Haris kembali mengambil mangkuk bubur, kemudian duduk di kursinya.
"Aku suapin, ya?"
"Enggak, Ris. Aku makan sendiri aja," tolak Hani.
"Bakal susah, tanganmu diinfus gitu," tentangnya.
"Enggak!"
"Udah, nurut aja! A!" perintahnya sembari menyuapkan sesendok bubur ke mulut Hani.
"Ris, aku makan sendiri aja!" pinta Hani setelah menelan satu suapan dari Haris. Karena disuapi Haris seperti itu ternyata membuat dada Hani berdebar tak karuan. Rahman saja tak pernah seperti ini, bagaimana bisa Haris yang begini kepada Hani?
"Udah, makan aja! A!" perintah Haris lagi sembari menyuap suapan kedua. Hani menekuk wajah karena permintaannya tak diindahkan oleh Haris, tetapi tetap menerima suapan dari Haris.

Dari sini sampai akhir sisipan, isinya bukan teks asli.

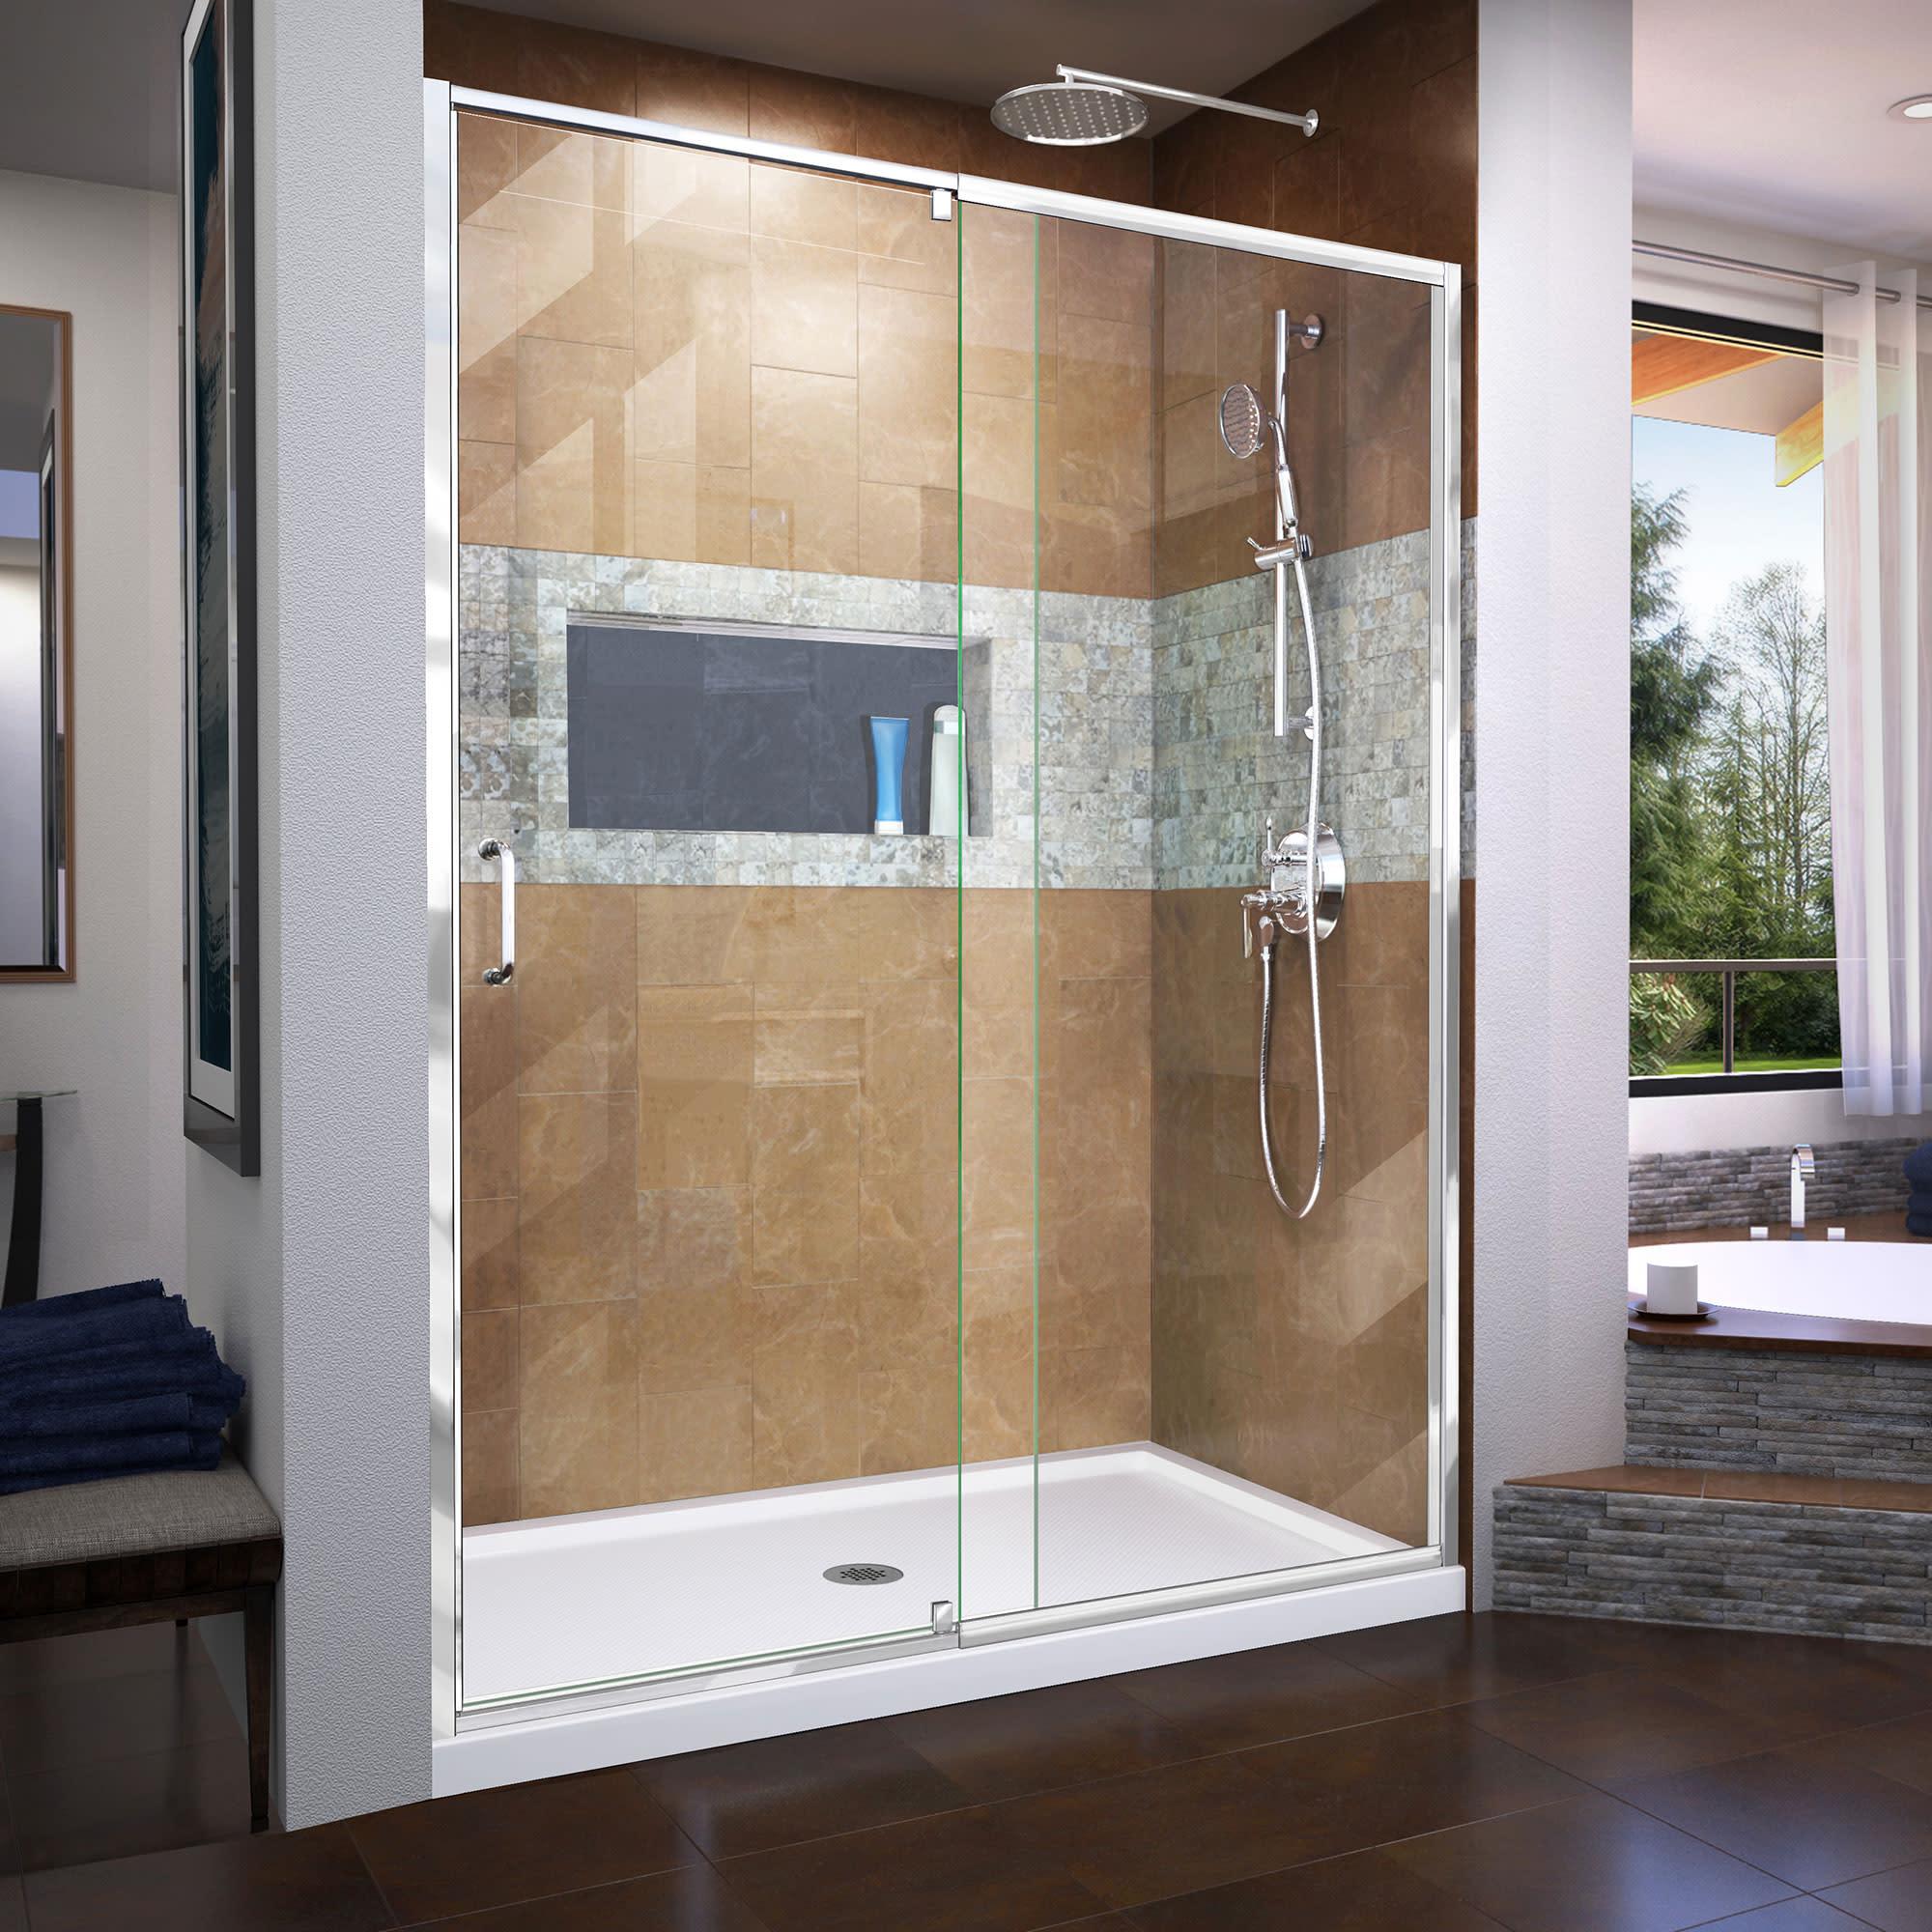 Dreamline Dl 6223 Flex Shower Door And Base Qualitybath

"Seandainya Bang Rahman semanis ini. Seribu pria menggoda tak akan membuatku berpaling," batin Hani.
Setengah mangkuk bubur telah berpindah ke perut Hani. Wanita itu merasa perutnya penuh dan mual. "Udah, Ris. Aku mual."
"Oh, iya, harusnya sebelum makan minum obat dulu," ucap Haris.
"Enggak apa-apa, udah terlanjur."
Haris menyiapkan obat-obatan yang harus Hani minum. Sementara Hani hanya memandangnya sembari tiduran.
"Bang Rahman tahu aku di sini?" tanya Hani. Bagaimanapun Hani adalah istri Rahman. Hani tak mau Haris sembarangan membawanya tanpa memberitahu Rahman.
"Hm," sahut Haris dengan malas.
"Semalam siapa yang menjagaku di sini?" tanya Hani lagi.
Haris menaruh obat, kemudian menatap Hani dengan lekat. "Mau kamu siapa? Bang Rahman?"
Hani memilih tak menjawab, hanya membalas tatapan Haris.
Sejurus kemudian, Haris kembali sibuk dengan obat-obatan.
"Ya, aku harap dia. Bagaimanapun aku istrinya," ucap Hani akhirnya sembari membuang muka.
Dada Hani berdenyut nyeri memikirkan kalau semalam Rahman tidak di sini. Benarkah, lelaki itu tak peduli padanya? Wanita yang sudah bertahun-tahun menjadi istrinya?
Haris duduk kembali di kursinya. Kemudian memberikan segelas air minum dan obat-obatan yang harus Hani minum tanpa berkata-kata.
Hani menerimanya, menelan seketika lima butir obat yang Haris berikan. Salah satu cara melampiaskan kekesalannya pada Rahman.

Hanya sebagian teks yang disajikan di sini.